Combinations are at the core of Carvers. They are used to identify the best combination from all possible combinations with up to max_n_mod modalities.

Classification tasks

Cramér’s V Combinations

See Cramér’s V for more details on the metric.

class AutoCarver.combinations.CramervCombinations(max_n_mod: int = 5, **kwargs)

Cramér’s V based combination evaluation toolkit

Parameters:

max_n_mod (int, optional) –

Maximum number of modalities per feature, by default 5

  • The combination with the best association will be selected.

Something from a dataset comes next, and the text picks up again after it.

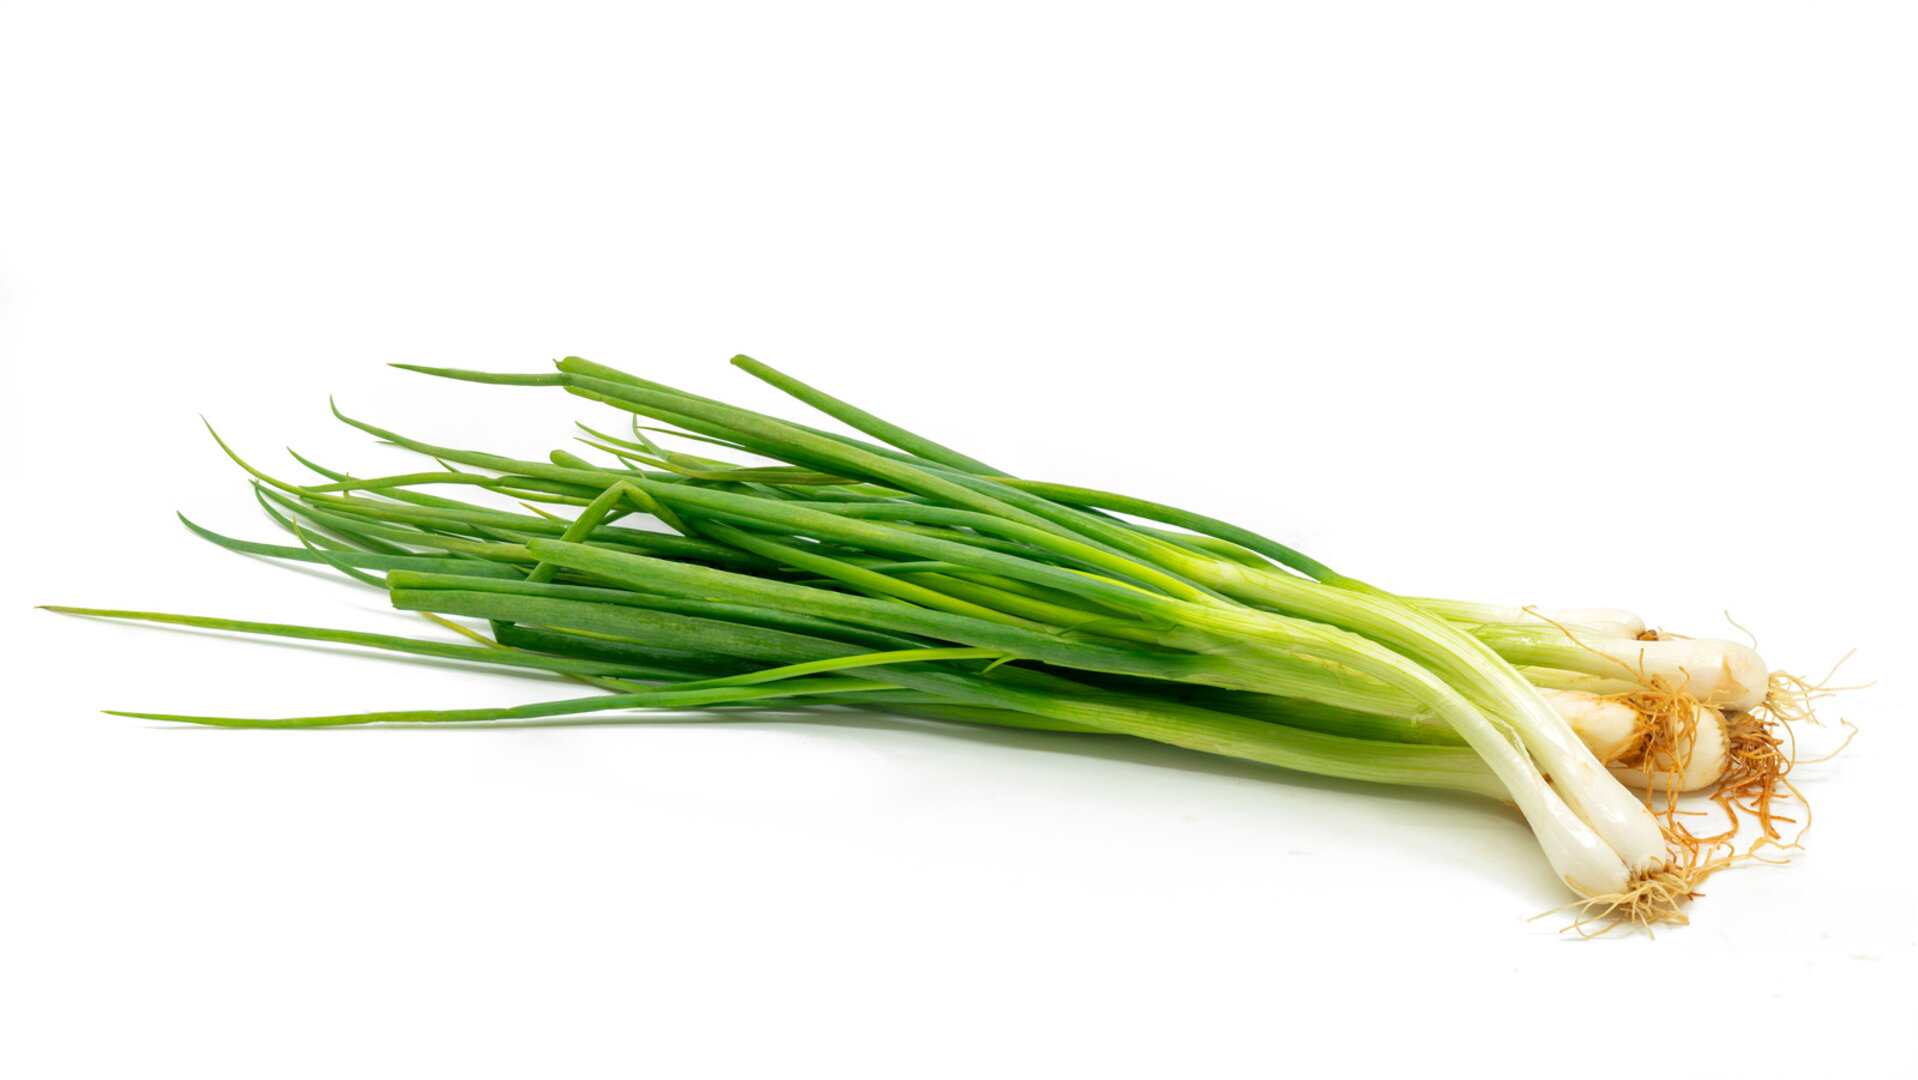 Onion green 1 kg

  • All combinations of sizes from 1 to max_n_mod are tested out.

Tip

Set between 3 (faster, more robust) and 7 (slower, less robust)

Keyword Arguments:
  • min_freq (float, optional) –

    Minimum frequency per modality per feature, by default None

    • Features need at least one modality more frequent than min_freq

    • Defines number of quantiles of continuous features

    • Minimum frequency of modality of quantitative features

    Tip

    Set between 0.01 (slower, less robust) and 0.2 (faster, more robust)

  • dropna (bool, optional) –

    • True, try to group nan with other modalities.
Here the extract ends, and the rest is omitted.